THINKING BIG IN SMALL SPACES
With a little help, you can still live large in a small space!

If you live in a small space, it’s important that you don’t feel boxed in.  The following tips will help transform your cramped quarters into something more expansive:

  1. Shady Solutions – Painting walls a soft shade and the ceiling bright white will give the illusion of added height.
  2. Is That a Door In Your Pocket? – Installing pocket doors is an easy and inexpensive way to create lots of extra useable space.

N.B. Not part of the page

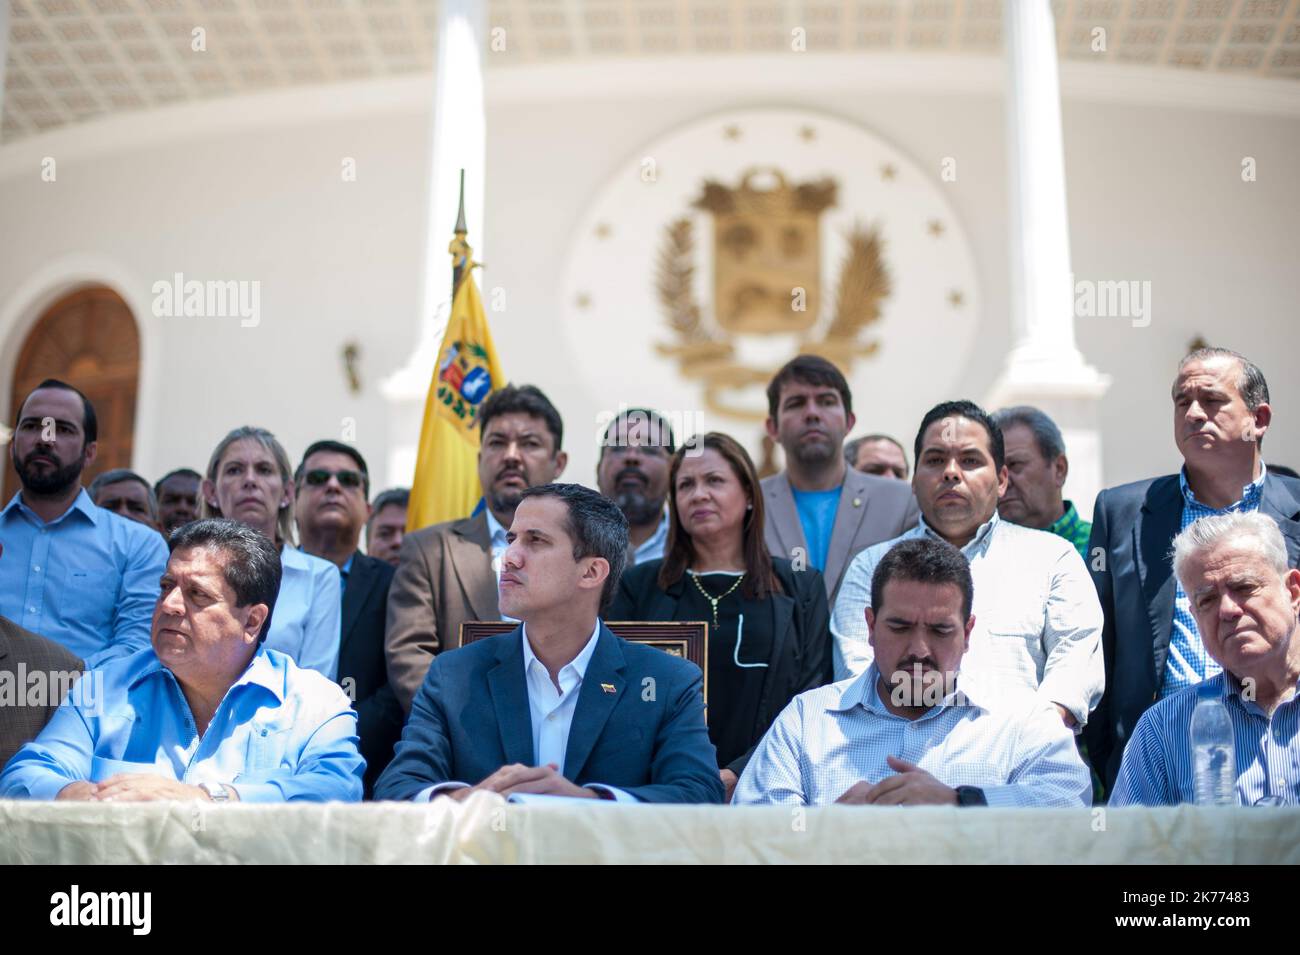 Der venezolanische Oppositionsführer Juan Guaido spricht während einer Pressekonferenz im Bundesgesetzgebenden Palast, Sitz der Nationalversammlung, in Caracas, Venezuela, am 10. März 2019. Juan Guaido, der als Interimspräsident Venezuelas anerkannt wurde, kündigte an, dass er die Abgeordneten bitten werde, einen „Notstand“ auszurufen, um der „Katastrophe“ zu begegnen, die das Land aufgrund eines Stromausfalls durchmacht, der bereits fast 70 Stunden beträgt. Stockfoto

  3. Lighten Up – Keep window areas clear of heavy drapes to expand wall area and let the sun shine in as it helps a space feel larger.

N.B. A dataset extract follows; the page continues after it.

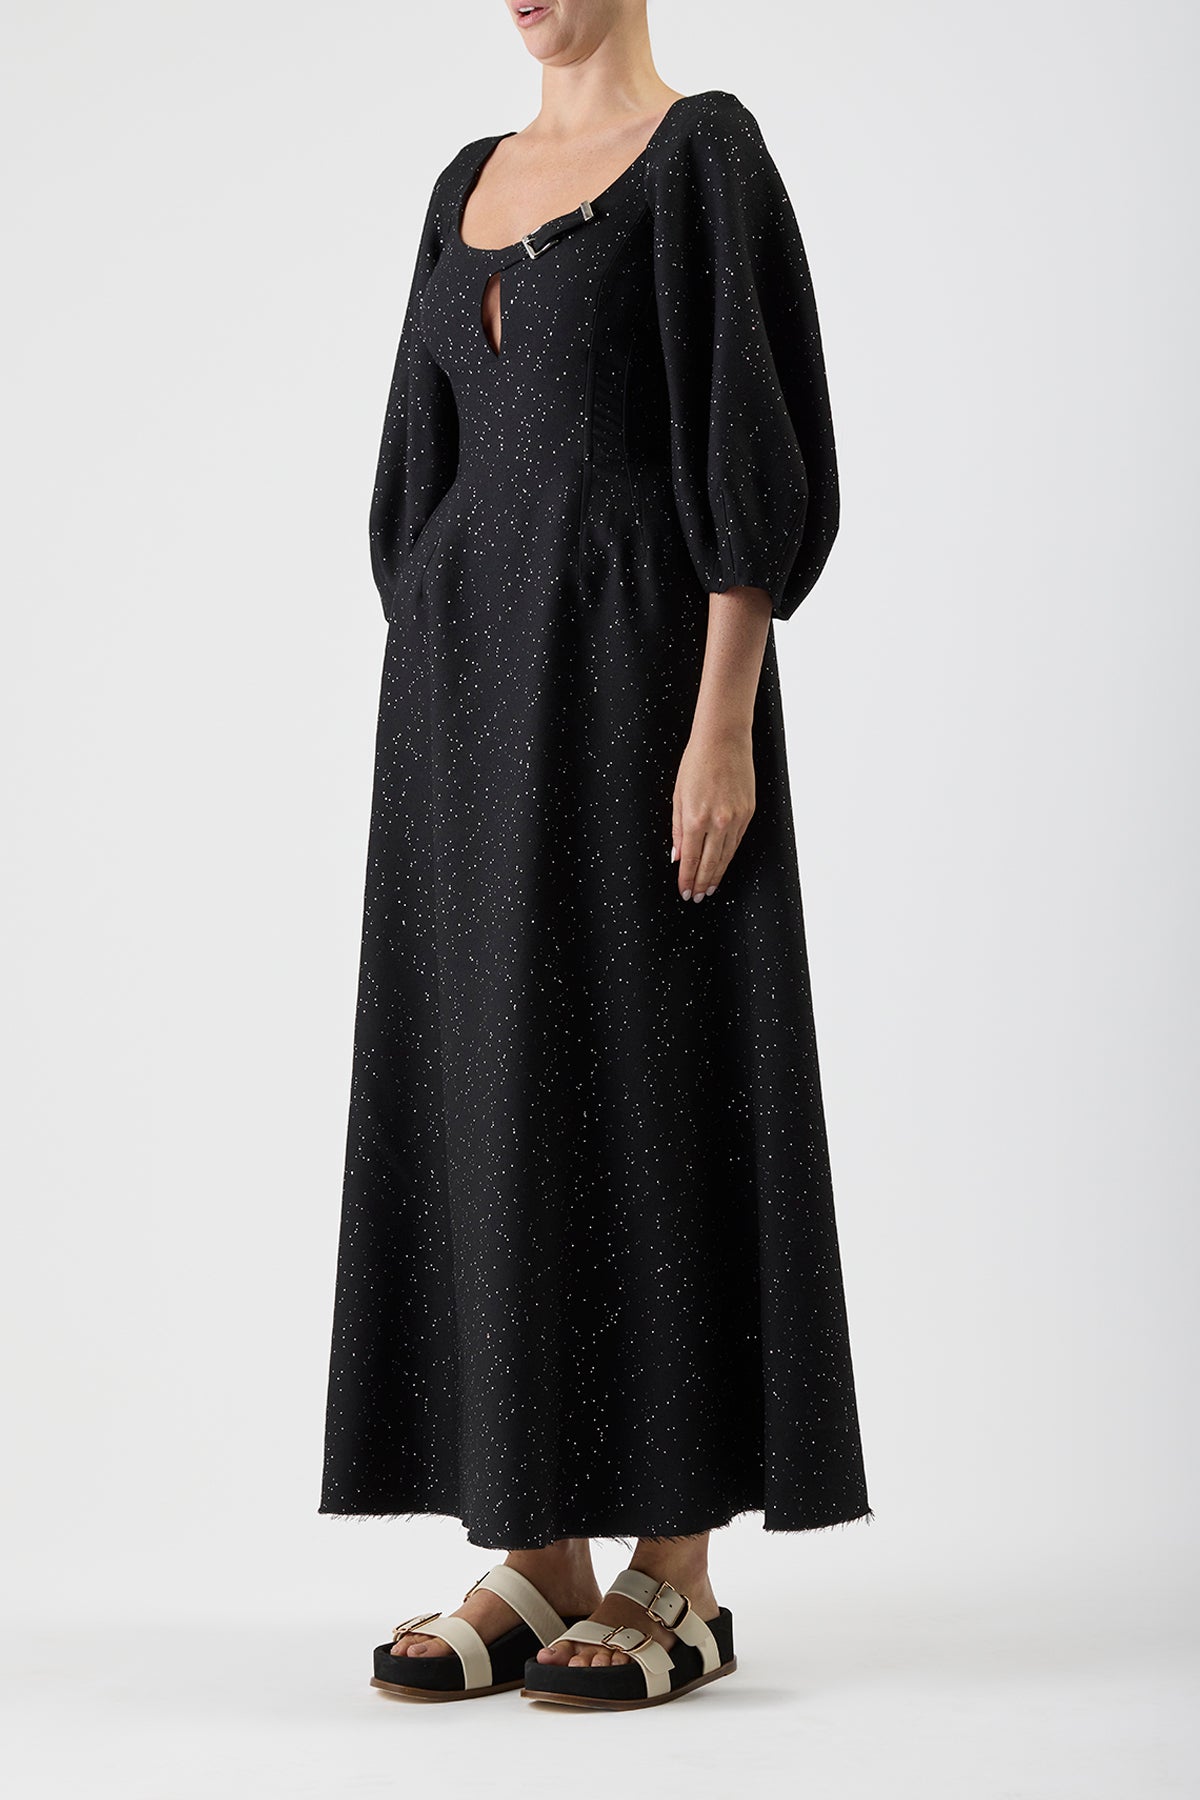 Madyn Sequin Dress in Black Wool

  4. Mirror Mirror – Strategically placed mirrors will create the illusion of added space and they’ll also reflect light into adjoining rooms.

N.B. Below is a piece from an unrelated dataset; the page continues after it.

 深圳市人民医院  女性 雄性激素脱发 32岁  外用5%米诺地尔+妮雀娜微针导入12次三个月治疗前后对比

  5. Cut a Rug – Having the same type of flooring throughout your home will make it feel more spacious so avoid using too many area rugs.
  6. Hide & Seek – Maximize every hidden space you have by using shelving pockets behind doors or bed risers for that all important under the bed storage.
  7. Cut the Clutter – Have a place for everything so that the surfaces in your home don’t get cluttered.  Storage baskets for example are great for hiding remotes & magazines.
  8. Open Up – Arrange your furniture so you can see as much of the floor as possible.  Rooms with blocked views can feel cramped so move furniture away from entrances.

Whether you’re getting ready to put your home on the market or you just want to create more space for yourself, these easy and inexpensive tips will help give you a little extra breathing room.  By thinking big and getting creative, you can comfortably live large in even the smallest of spaces.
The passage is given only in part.